Ей ребеночка захотелось. Тут уж впору навеки спрятать голову в песок! Много хочешь, Инга Сергеевна. Страшно и представить, как разразилась бы Нелли на сей счет. Хотя и представлять нечего, Нелли не раз подводила к мысли, что на детишек лучше не смотреть… а дальше как Бог даст. С недавнего времени она и про Игоря забыла. Ведь Ингу заметили. Заметили с большой буквы:
– Помнишь, букет из кремовых роз с подпалинами? Шикарный! Это тебе Матвеев преподнес. Он заметил, а это что-то… это очень много.
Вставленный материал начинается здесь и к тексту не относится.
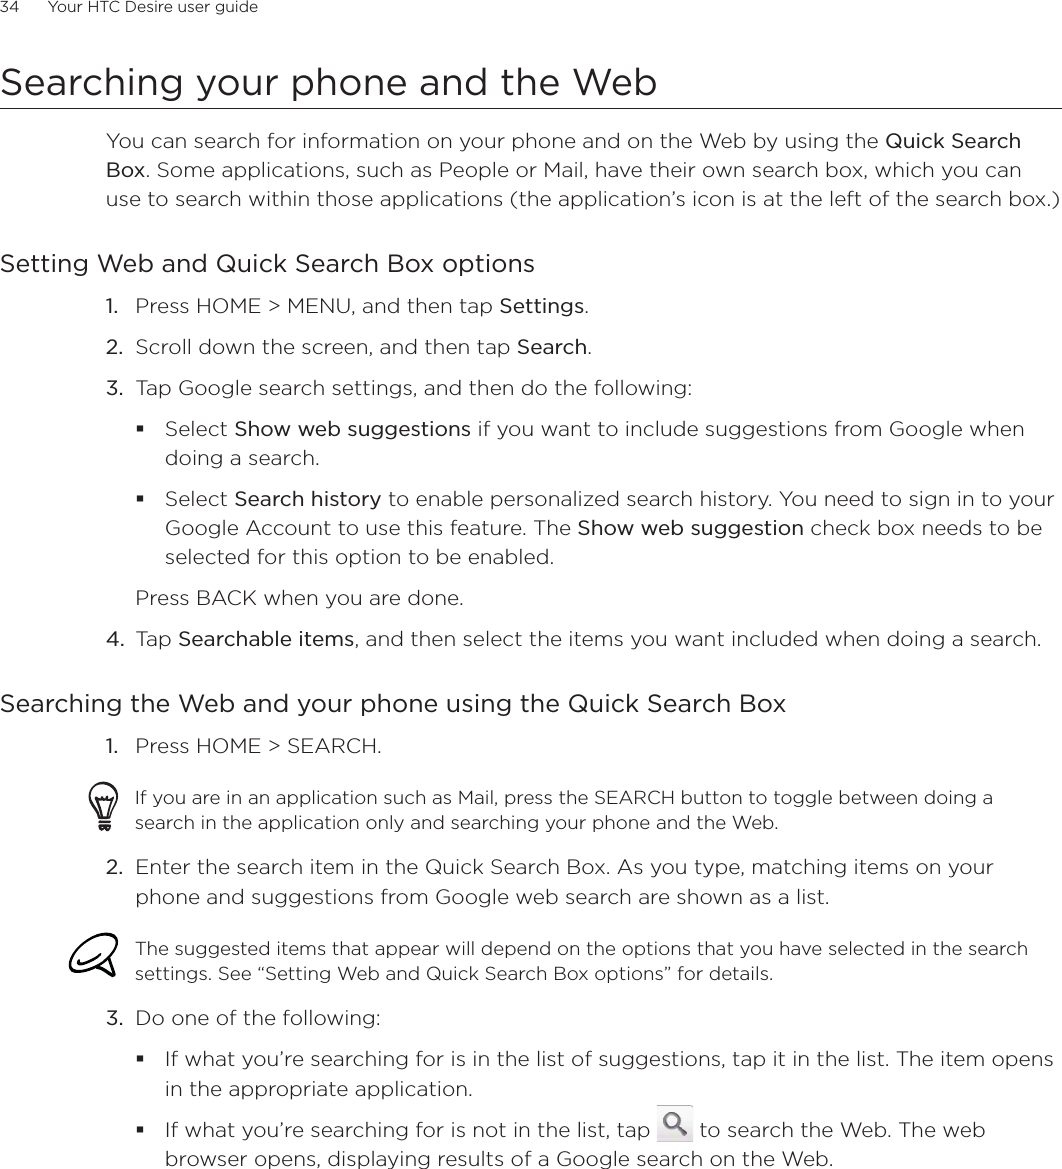 34      Your HTC Desire user guide      Searching your phone and the WebYou can search for information on your phone and on the Web by using the Quick Search Box. Some applications, such as People or Mail, have their own search box, which you can use to search within those applications (the application’s icon is at the left of the search box.)Setting Web and Quick Search Box optionsPress HOME &gt; MENU, and then tap Settings.Scroll down the screen, and then tap Search.Tap Google search settings, and then do the following:Select Show web suggestions if you want to include suggestions from Google when doing a search.Select Search history to enable personalized search history. You need to sign in to your Google Account to use this feature. The Show web suggestion check box needs to be selected for this option to be enabled. Press BACK when you are done. 4. Tap Searchable items, and then select the items you want included when doing a search. Searching the Web and your phone using the Quick Search BoxPress HOME &gt; SEARCH. If you are in an application such as Mail, press the SEARCH button to toggle between doing a search in the application only and searching your phone and the Web. 2. Enter the search item in the Quick Search Box. As you type, matching items on your phone and suggestions from Google web search are shown as a list.The suggested items that appear will depend on the options that you have selected in the search settings. See “Setting Web and Quick Search Box options” for details. 3. Do one of the following:If what you’re searching for is in the list of suggestions, tap it in the list. The item opens in the appropriate application.If what you’re searching for is not in the list, tap   to search the Web. The web browser opens, displaying results of a Google search on the Web.1.2.3.1.

…Только не надо про покорение мира! Хотя Матвеев, безусловно, из тех, чье слово оставляет миллион эхо, писака-балетоман. Он заметил – значит, придется заметить прочим. Но прочие вроде и так заметили, а Нелли не успокаивается. Все не о том! Букеты, надвигающаяся как кара господня слава, покровительственно принявший в свое колючее лоно театр – все не о том! Ей хочется цвести в чьем-то саду, самой быть кремовой розой, только не срезанной, а впитывающей вечные земные соки любви. Почему так беспощаден дар?
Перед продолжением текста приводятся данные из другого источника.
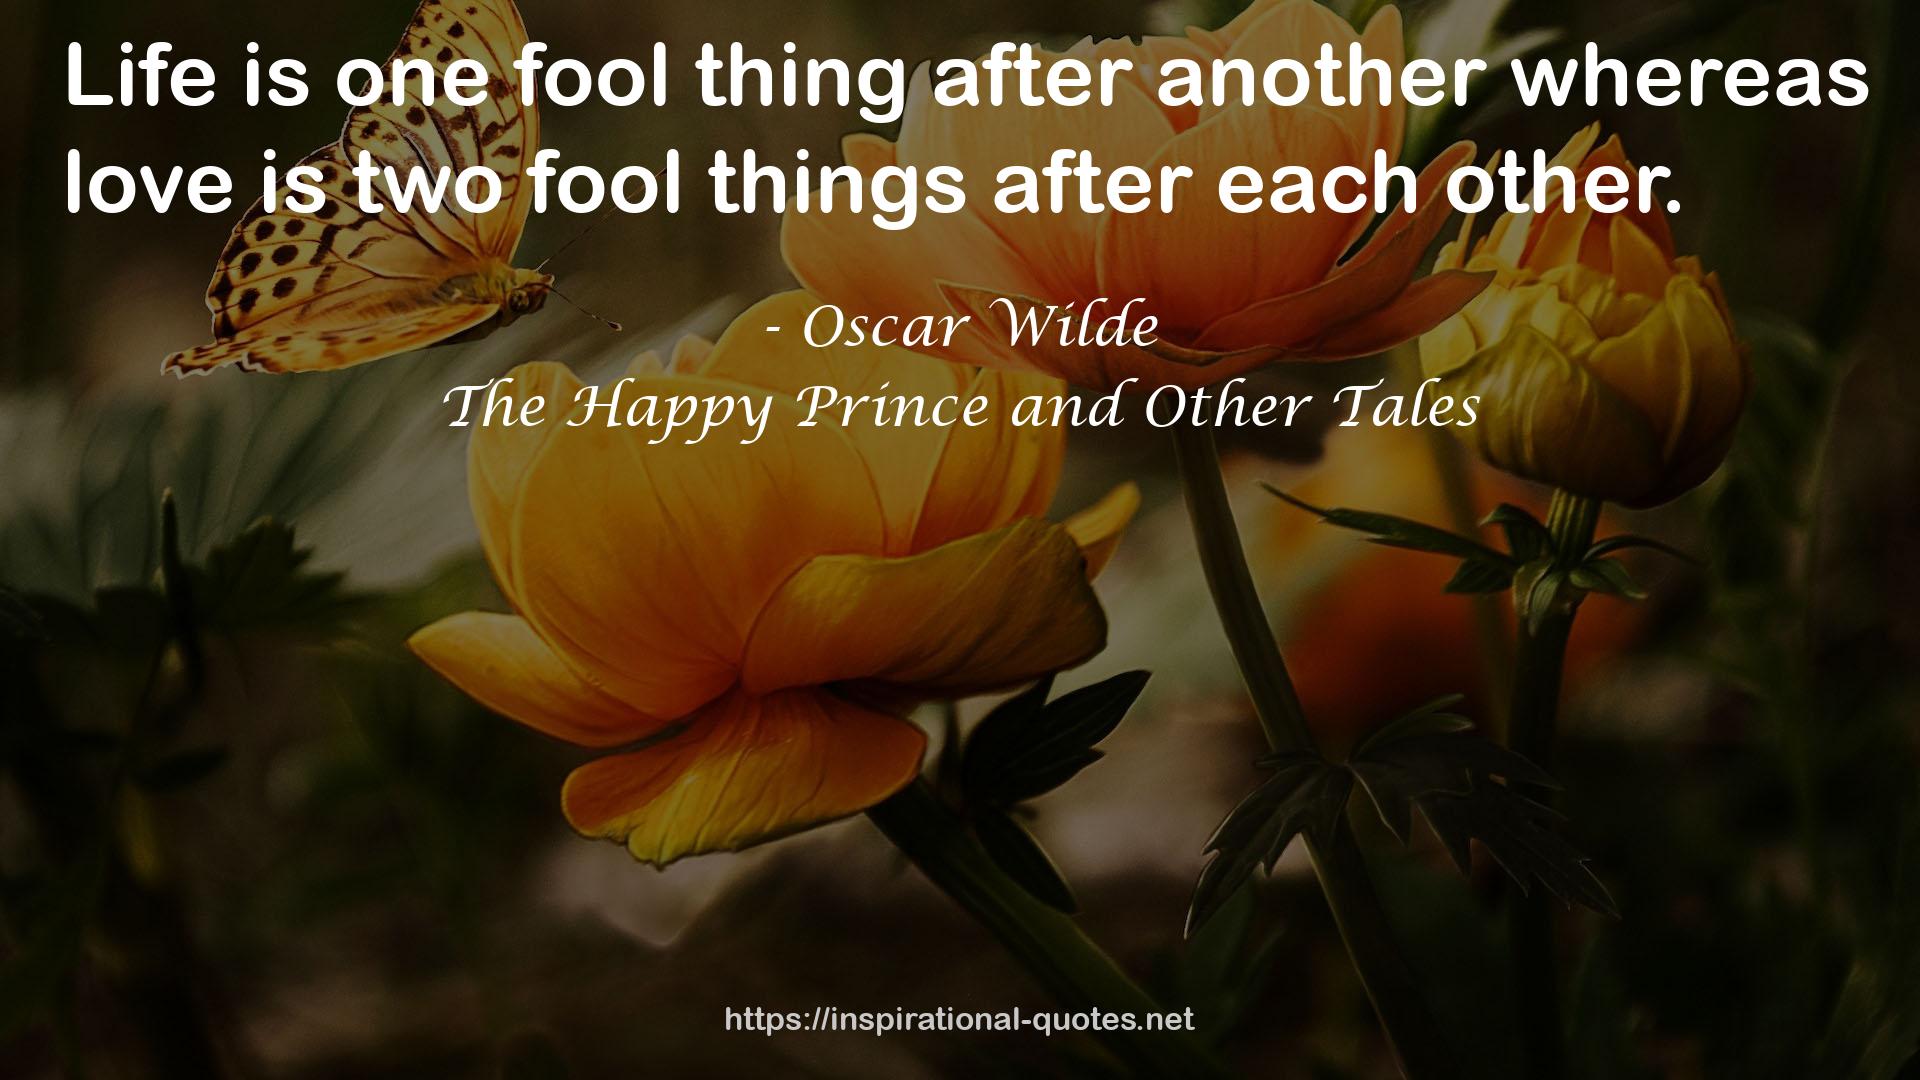 The Happy Prince and Other Tales QUOTES

Роман длился, дай бог памяти, лет пять. Было все дискретно, условными галочками напротив чисел. Раза два в месяц они садились друг против друга в кафе. Игорь пил коньяк, Инга сначала не умела, потом приспособилась. Он ей подарил «гомеопатическую» рюмку, туда граммов тридцать входило. После возлияний шли куда-нибудь в гости. Однажды одни милые люди им предоставили целые антресоли; Инга чувствовала себя старым чемоданом, Игорь радовался своеобразию и умудрялся душить атмосферку ужасающей «Шипкой». Никакого такого блаженства не было, это не озадачивало, Инга привыкла, нажимая на кнопку «удовольствие», получать что-то другое. Но другое не всегда так уж дурно, в конце концов именно оно и стало называться удовольствием. Типа цикория вместо кофе… но кому-то нравится и цикорий, нравятся бифштексы в столовой и передача «В рабочий полдень», кто-то воспитан есть что дают и ничего не менять. А Инга вообще не воспитана.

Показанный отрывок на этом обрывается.